In 1715, political power over the Maryland colony was restored to the Calvert family after the conversion of Benedict Calvert to Protestantism. Emboldened by this turn of events, and with support from a number of prominent Maryland Catholic families, Carroll attempted to gain government office in the state. This would have been a profound departure from the policy of excluding Catholics from government, which had existed since the Protestant takeover in 1689. Carroll's chief antagonist in this effort was the Governor, John Hart. In 1716, Hart discovered that Carroll was planning to travel to England to lobby Calvert's officials for restoration of officeholding rights for Catholics, something Hart vehemently opposed, claiming Carroll had promised against such. Hart described Carroll as:

a professed Papist, and the first fomentor of our late Disturbances, who having acquired a large estate in the Province by the offices he formerly employed, and his practice in Law...must needs add the Ambition of Rule to his former Felicity.
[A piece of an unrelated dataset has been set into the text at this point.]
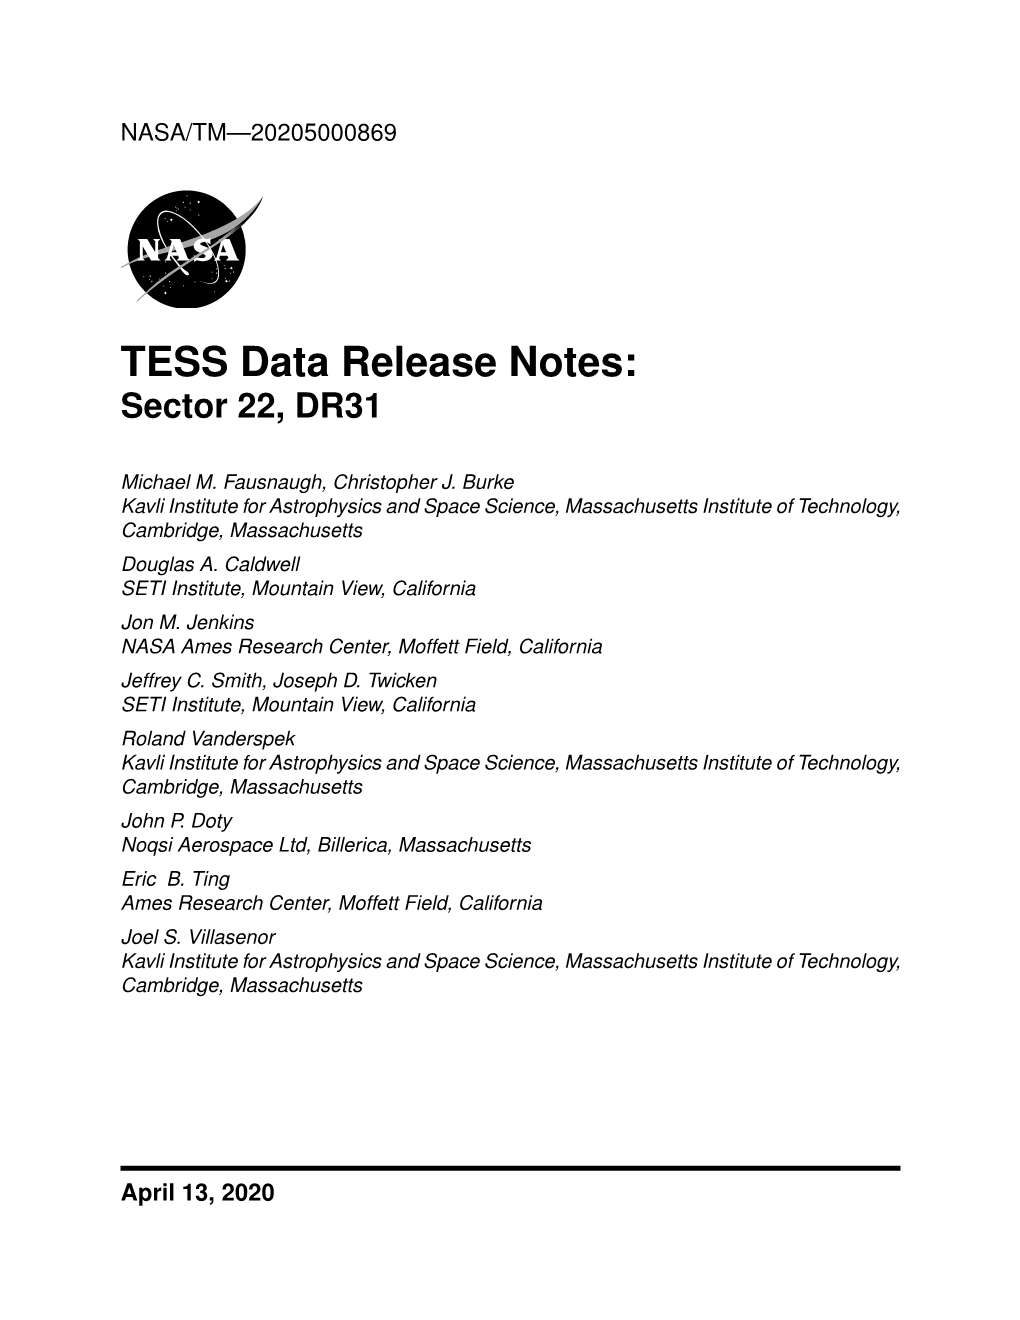 TESS Data Release Notes: Sector 22, DR31
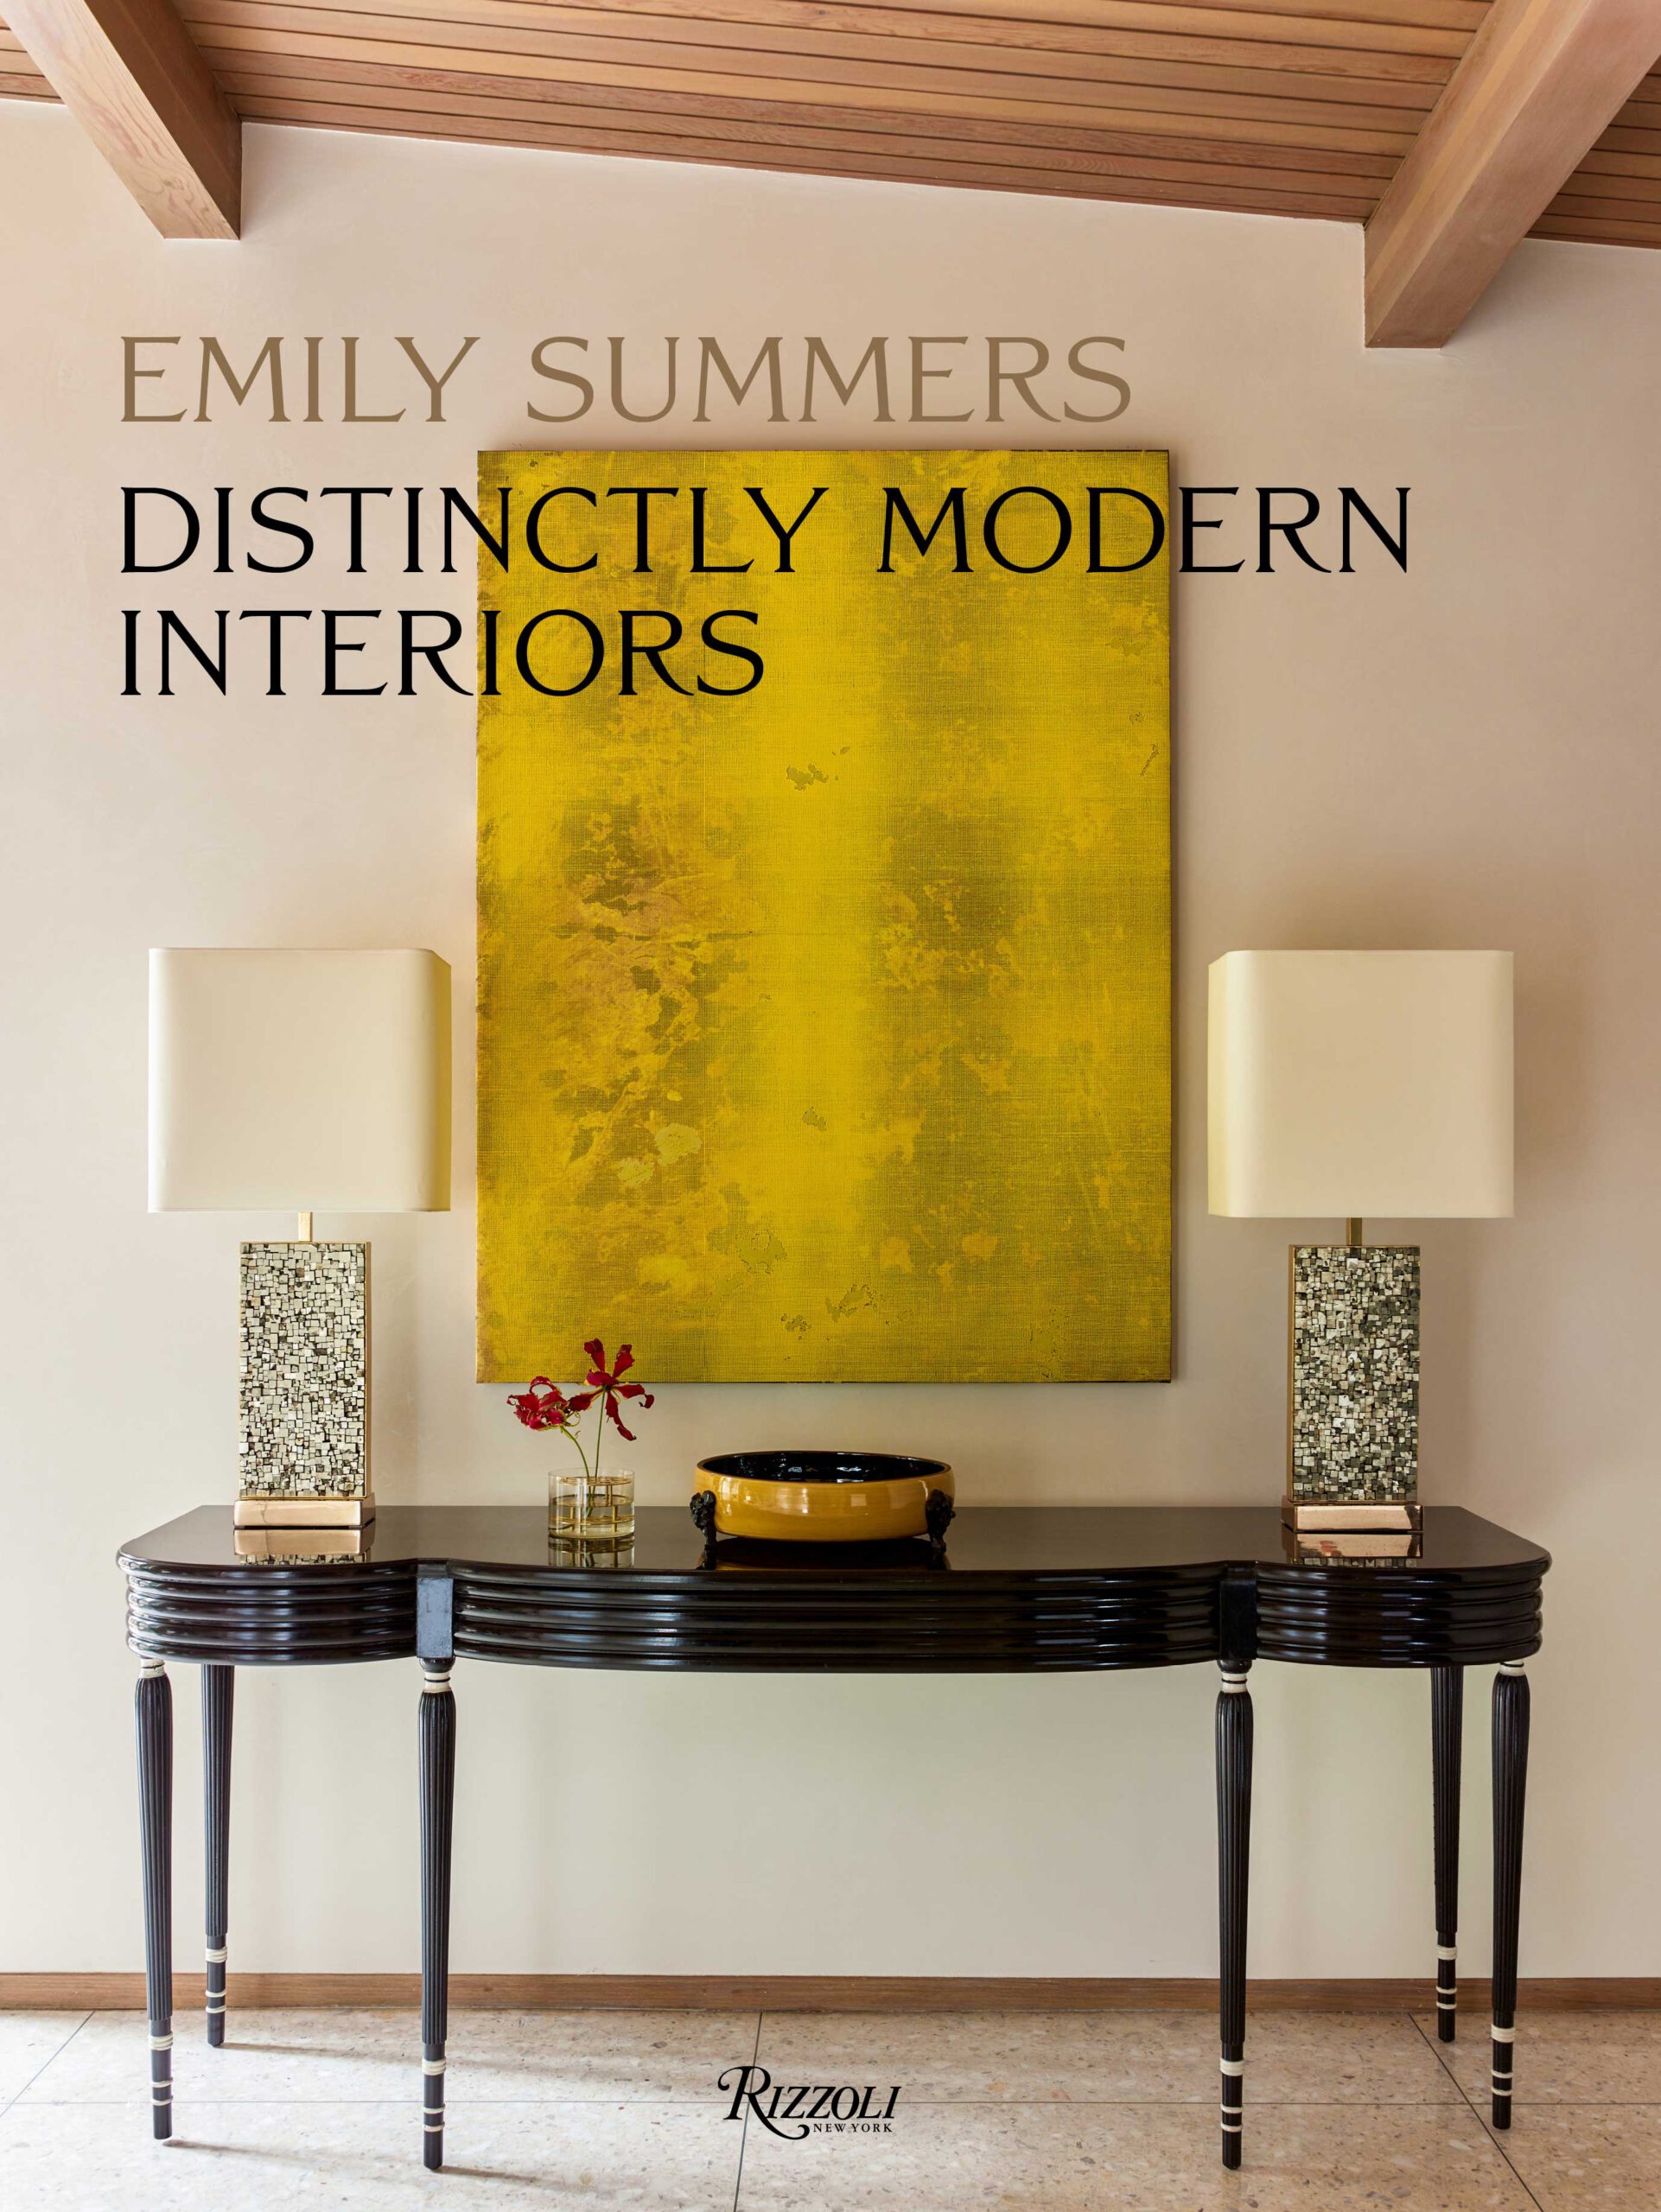 Distinctly Modern Interiors book cover

Carroll convinced the proprietor's officials to appoint him as the proprietor's chief agent in the colony. He was further appointed to the positions of receiver general, escheator, and naval officer. These positions together effectively gave Carroll the power to oversee all money in the colony that was collected by the government or by Calvert's private organization.

Upon Carroll's return to Maryland, Hart was incensed both at the threat to his own power and the idea of a Catholic officeholder in the colony. Hart demanded that Carroll take the oath of allegiance, which he was willing to do, and the oath of abjuration confirming the Protestant succession to the English throne, which Carroll was not willing to do. Carroll began to act in the capacity authorized by the proprietor's commission, and Hart turned to the upper house of the colonial legislature for relief. Rejecting Carroll's arguments in support of his right to hold government offices, the assembly resisted his attempts to exercise the commission and, near the end of 1716, passed a series of laws confirming and restricting the oath requirements for officeholders, which were anti-Catholic by intent. Carroll's case may have been undermined when he came to the defense of his nephew, who had raised a toast to the Catholic James Stuart. Stuart had tried to take the British throne during a rebellion in 1715 and was extremely unpopular with Protestants in the colony. The proprietor, whose position had been so recently restored and who did not want to risk the loss of the colony, confirmed the decision of the assembly. Carroll's commission was formally revoked on 20 February 1717. According to a later account Hart gave to the assembly, Carroll began a campaign to undermine the Governor. There is no evidence that Hart was accurate, but the assembly passed stricter anti-Catholic laws in 1718, including disfranchisement, stripping Catholic males of the right to vote.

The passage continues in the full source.